Oh bloody hell! Taking a violent abusive man into your house in the hope that it may all turn out right. I don't think OP should do this.

spoons123 · 02/08/2025 08:48

If I've understood the situation correctly, the daughter and her boyfriend have never been in a relationship as such and the baby is the result of a one-off event?

In which case, why would they want to move in together? That would be like an arranged marriage.

They can be good friends, respect and support each other and be loving co-parents without forcing themselves to be a couple.

OP, you could help and support the boyfriend to find his own place and welcome him into your home as a visitor and your grandchild's father. If, further down the line, the daughter and boyfriend decide there is love between them and they want to be together, it will happen naturally.

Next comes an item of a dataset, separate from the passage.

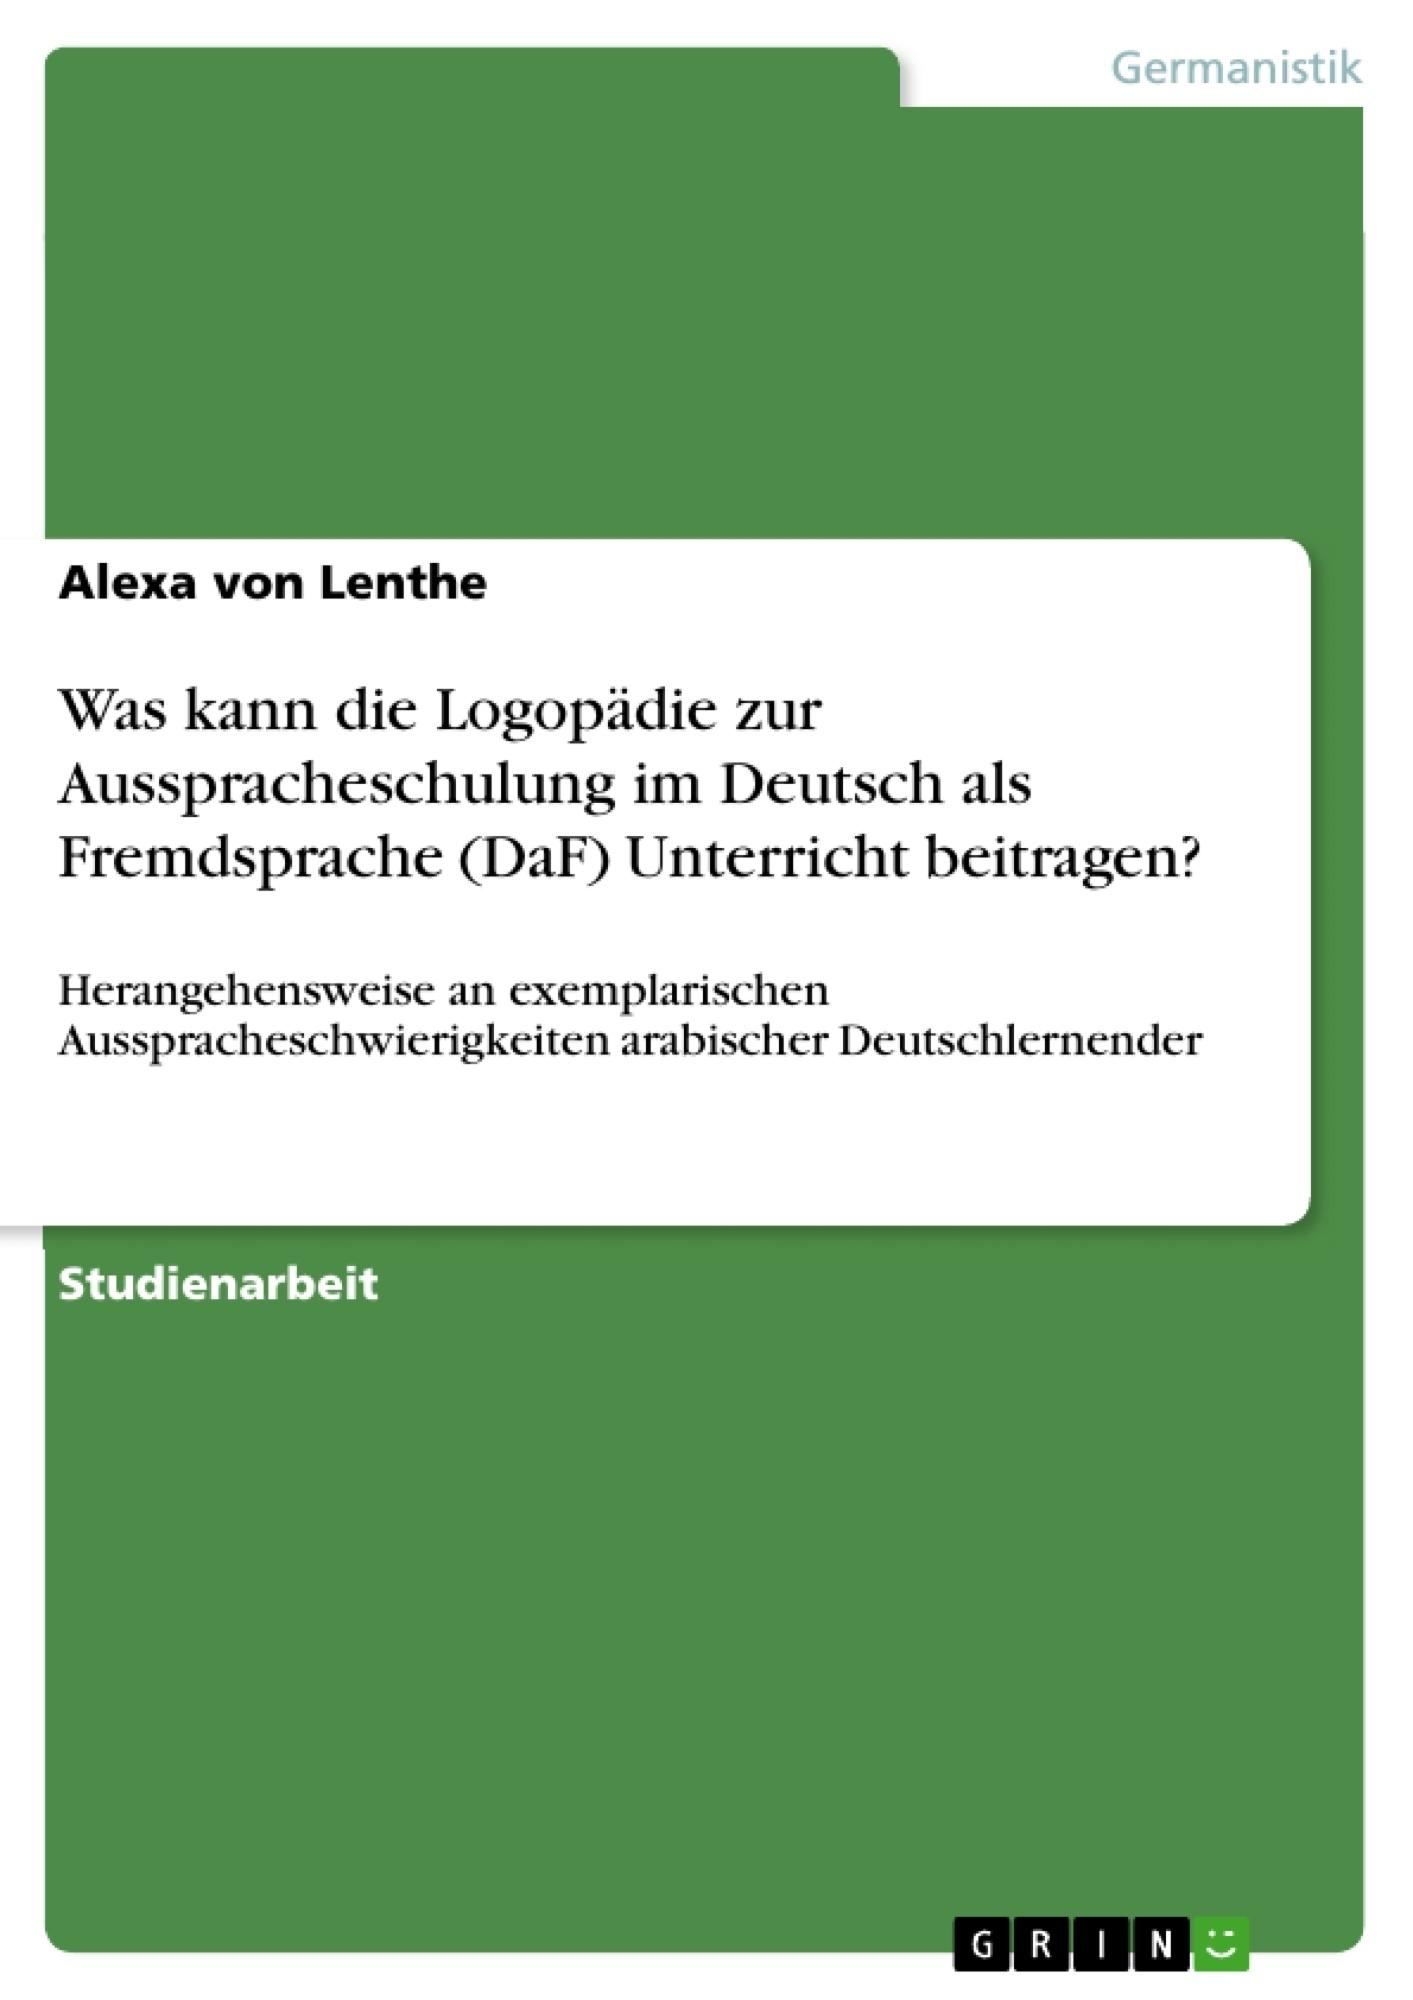 Titel: Was kann die Logopädie zur Ausspracheschulung im Deutsch als Fremdsprache (DaF) Unterricht beitragen?
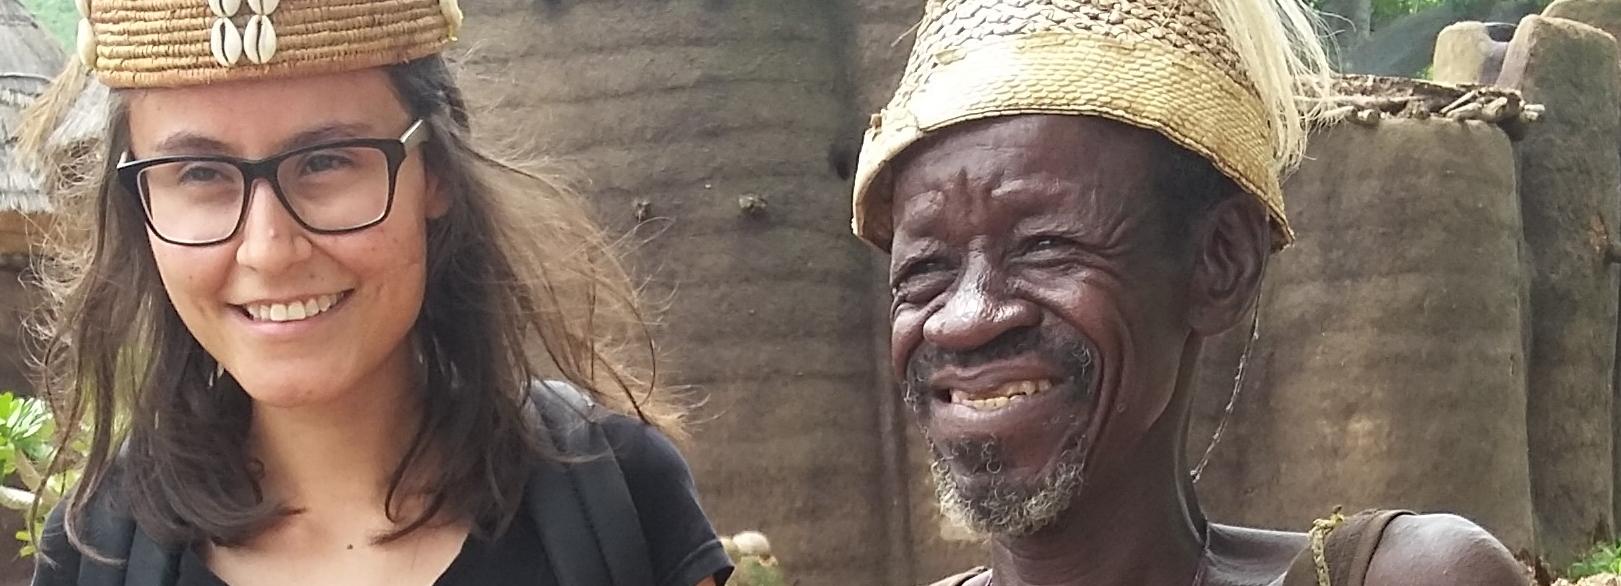 Travail bénévole en orphelinat, l'expérience de Karelly au Togo

Dutchhouse14 · 02/08/2025 09:16

OK your priority has to be DD.
My heart goes out to this young lad, he's had a very tough upbringing and no wonder it has left emotional scars.
He does need support, counselling, security the question is how to achieve this?
I'm not an expert.
Are there any charities that support young people/offer advice?
Can social services help? Tbh it may have been better if he had been taken into care I guess they didn't as he was nearly 18.
He needs to go to the local council for housing advice and he should also go to GP to see if he can get some counselling.
You sound very very kind and you are stuck between a rock and a hard place, the motherly instinct would make we want to offer him a roof over his head support him. BUT a stronger motherly instinct would make me protective of DD, this relationship will be hard work and drag her down. Not through any fault of his own but because of the emotional issues he has understandably been left with due to his traumatic upbringing.
So I would be very reluctant to to offer him a permanent home as your first priority needs to be DD and DGS.
No easy solution, I really feel for you, DD and the boyfriend.